Lord of the Dead“, Gwynn ap Nudd, dark of face, who holds back all the devils in hell with his pack of white hounds with blood-red ears, the Cŵn Annwn. The Welsh name for the Otherworld is Annwn, it is “The Court of Carousal” or “The Court of Intoxication”, “Castle-on-High”, or “Caer Vandwy”. We Welsh have a hundred names for the other side of here because it feels so close.

The 14th century bard, Dafydd ap Gwilym writes of Gwynn in a number of his works, suggesting that the character was well known and understood in Wales during the Middle Ages. In Y Dylluan, he describes the owl as the “fowl of Gwyn ap Nudd”, and in Y Niwl, he calls Gwynn the “trickster of men with his dark face” and his talaith (family or tribe) are called the talaith y gwynt, “the nation of the wind.”

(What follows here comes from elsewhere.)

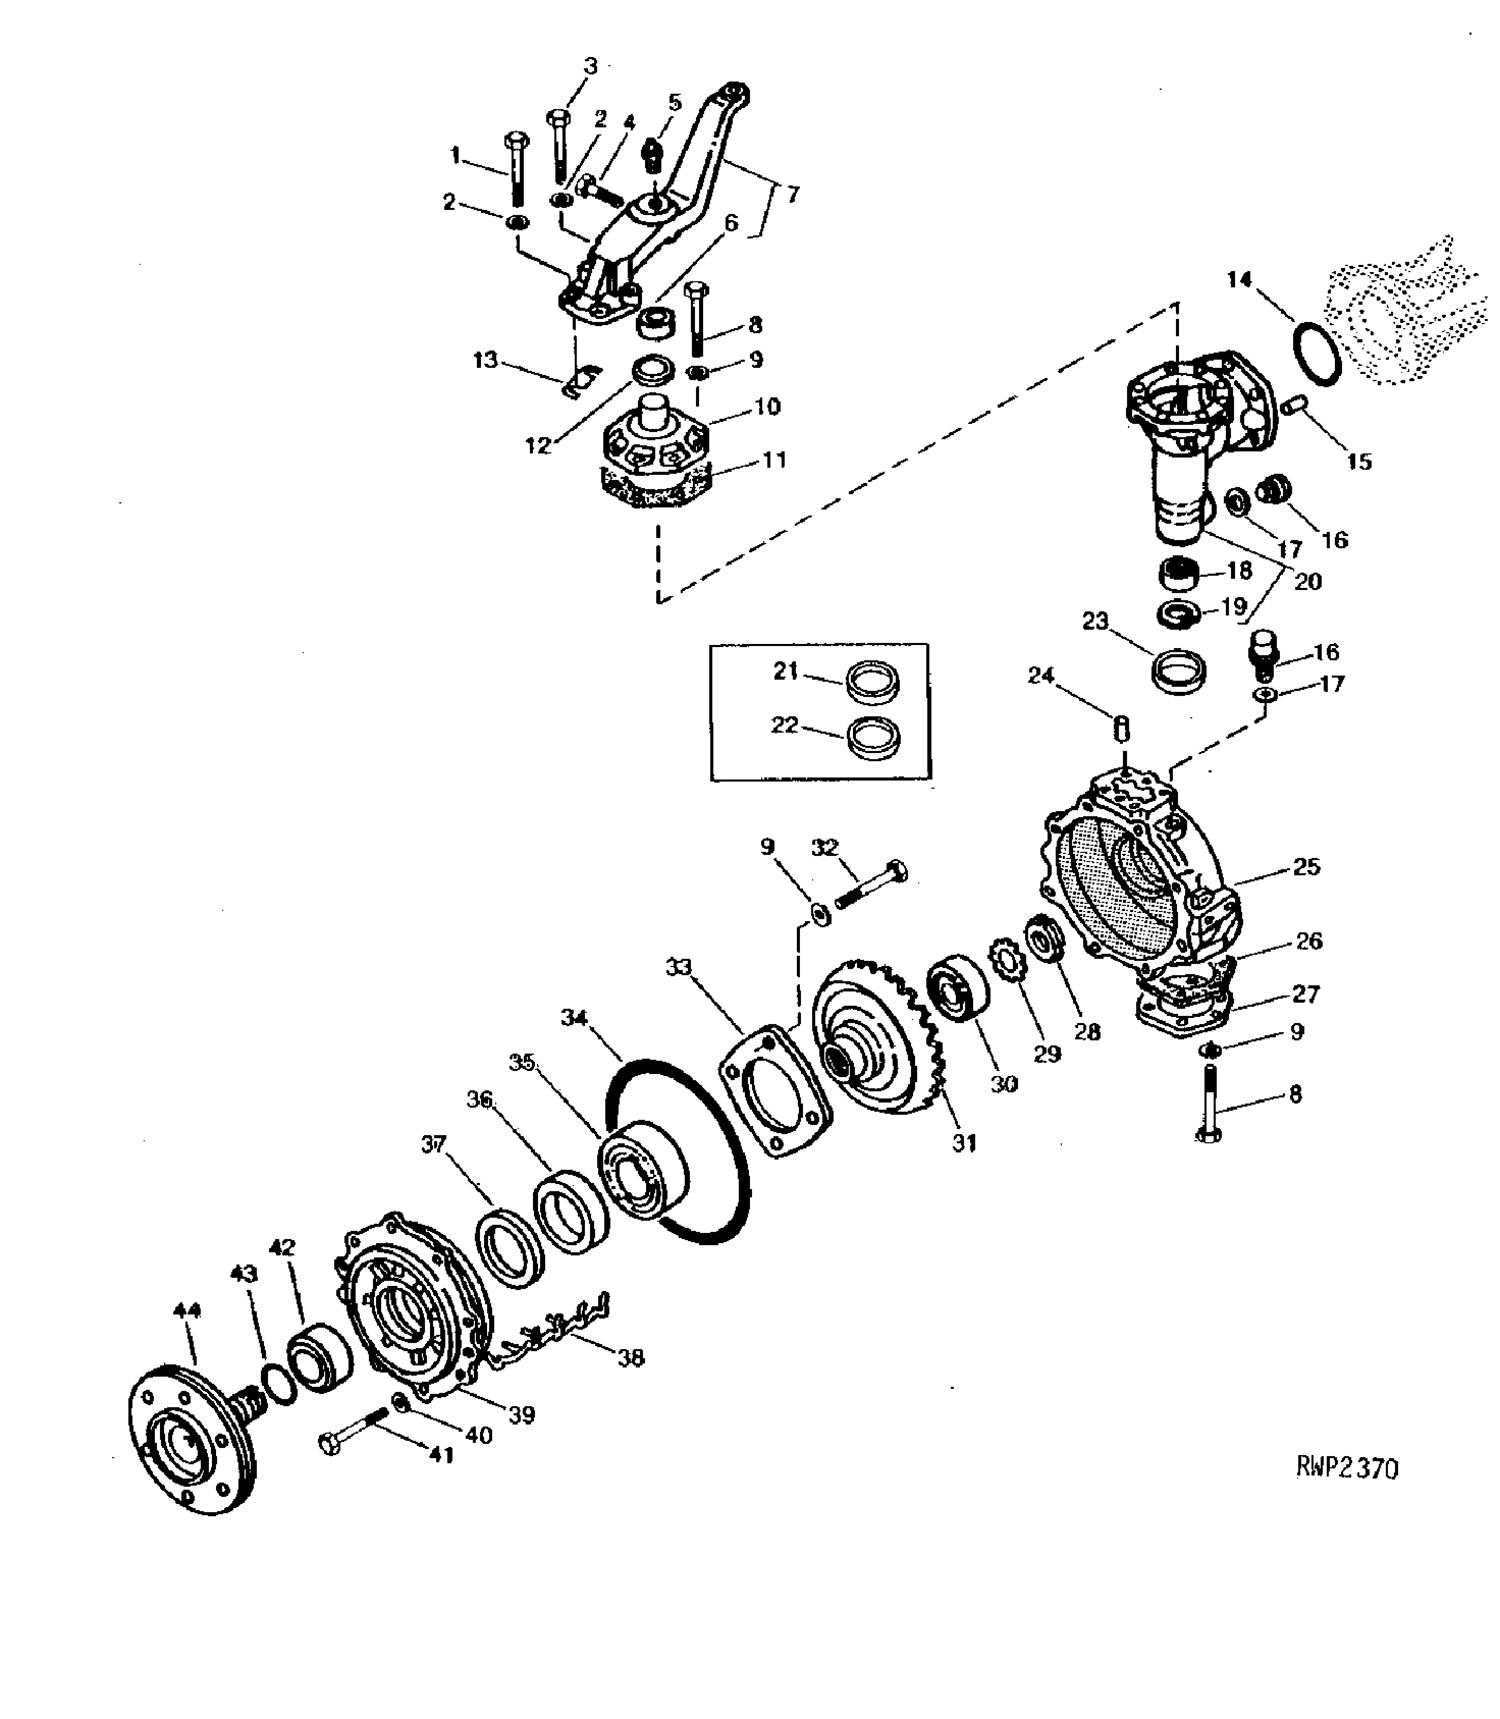 John Deere 950 Parts Diagram John Deere 830 Parts Diagram

Part pagan, with just a nod to Christian, our old tales twist in the telling down the centuries. In the fourteenth century those careful to cover their bases would invoke Gwynn’s name before entering wooded areas, proclaiming: “to the king of Spirits, and to his queen–Gwyn ap Nudd, you who are yonder in the forest, for love of your mate, permit us to enter your dwelling.”

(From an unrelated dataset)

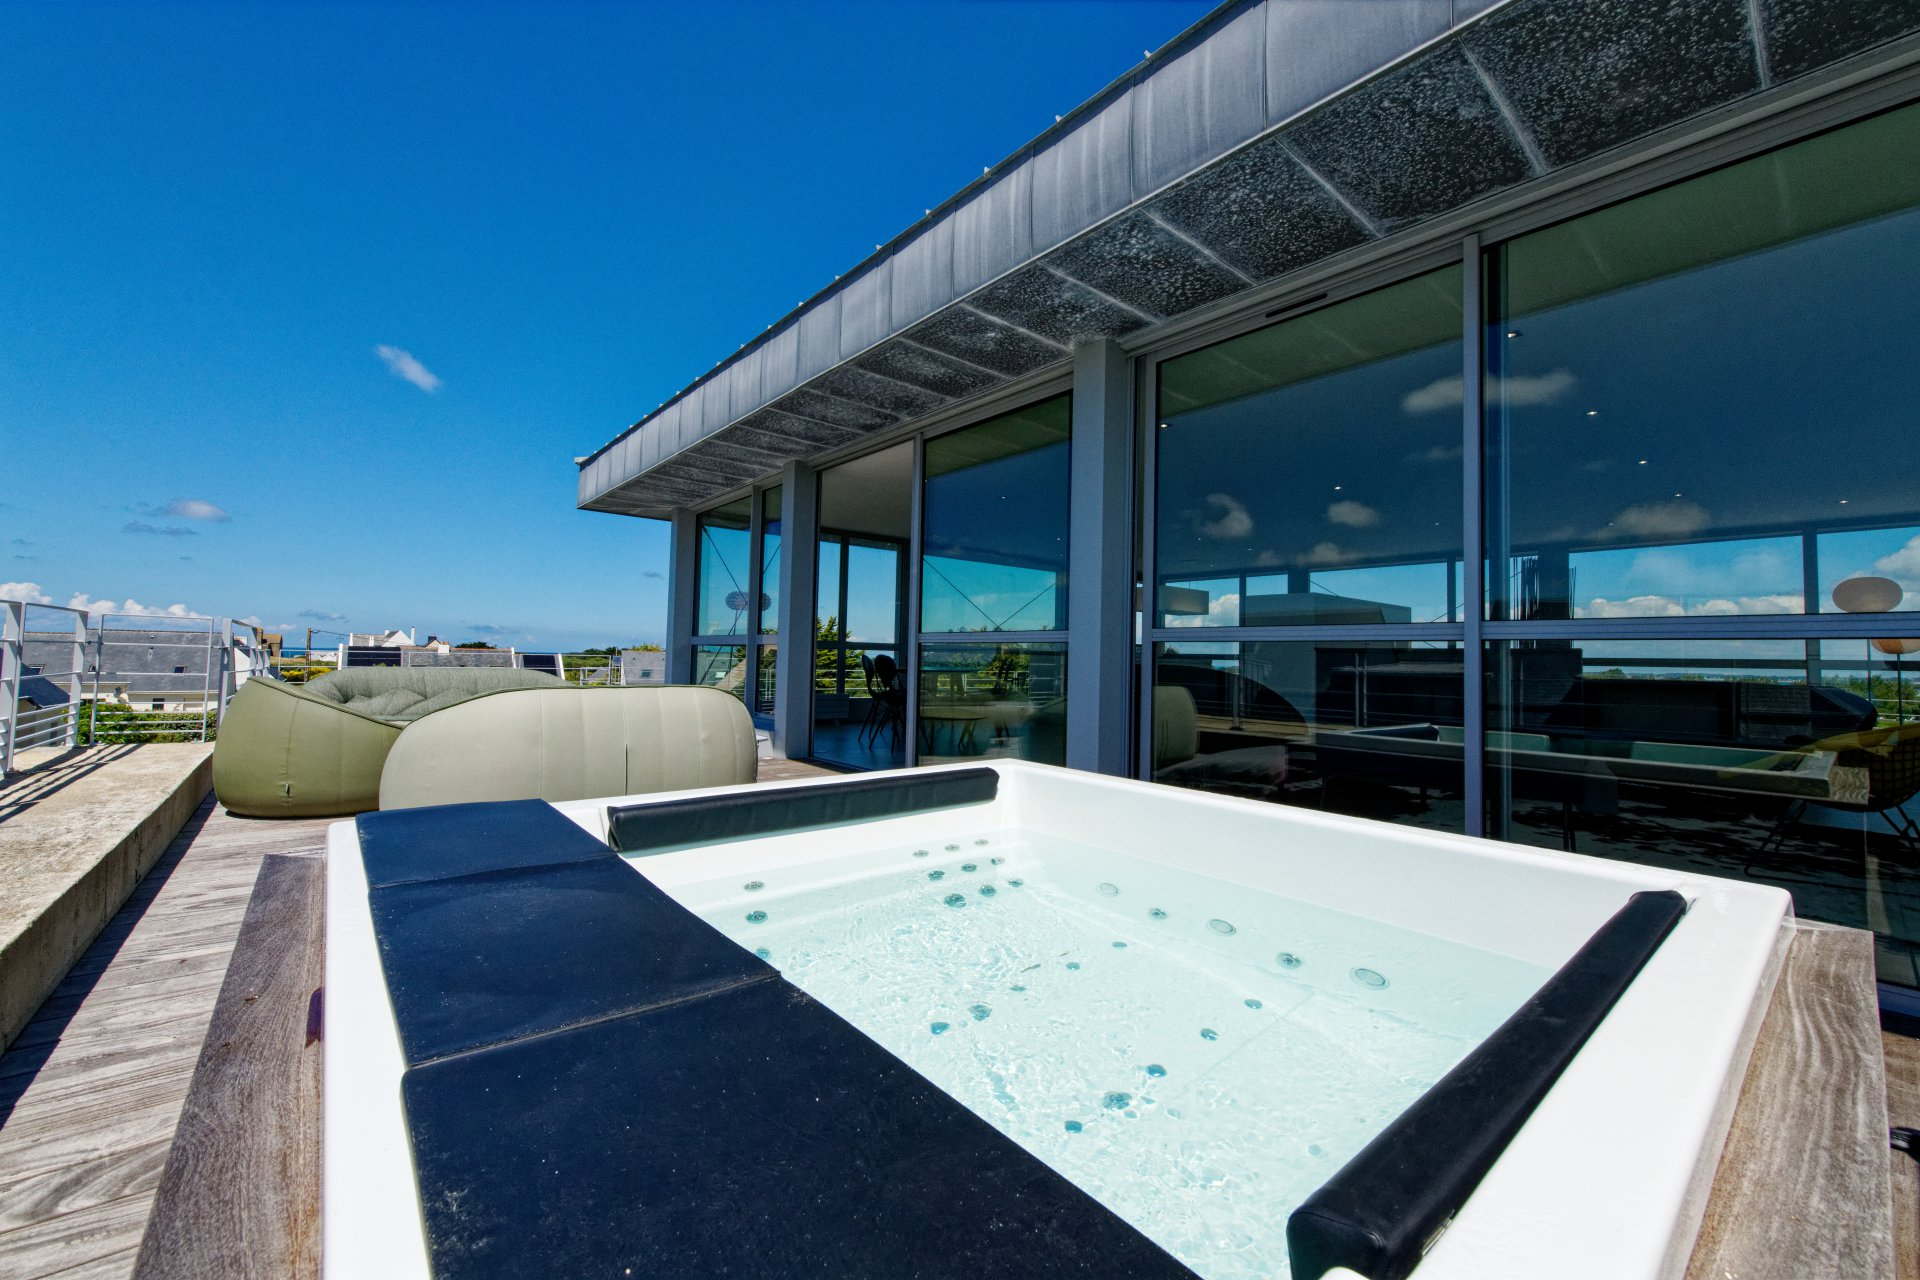 Toit terrasse, cube en verre, design

He is a strange figure in folklore, Gwyn, like many gods and demi gods associated with the otherworld, be it fairy or afterlife, his character is dimorphic. He has honour but is terrible in anger, wreaks havoc for revenge and fights for forbidden love. He guides the souls of fallen warriors to a heaven of apple trees and heather beer and yet he torments the living with his phantasmagorical hunt.

The Wild Hunt is likely a construct used by early Christianity to keep the easily swayed from slip sliding back into pagan ways. It is an old old story from the turning of the year, when the wild geese migrating overhead sounded like hounds baying beyond the clouds. It has been spun into a threat to keep the pious at the home heart and to godly ways during the traditional Yuletide celebrations. It taps into ancient fears passed down in the blood and it rises in those winter nights when our mortality is all too apparent.

Those who are routinely abroad in these winter nights must be strong of spirit, sure of their goodness or used to the fear, a familiar companion. As an old railway man I used to know would say, before he made his way along the dark iron tracks to his lonely signal box, “I’ve been living in the woods too long to be frightened of the owls.”

This is our Yule. We feel the year turn. Orion bestrides the night sky and Sirius, the dog star, gleams in the midnight blue and amongst the frost rimed leaf litter Gwyn ap Nudd, leader of the Wild Hunt, holds his horse in check and waits to lets his hounds catch the scent.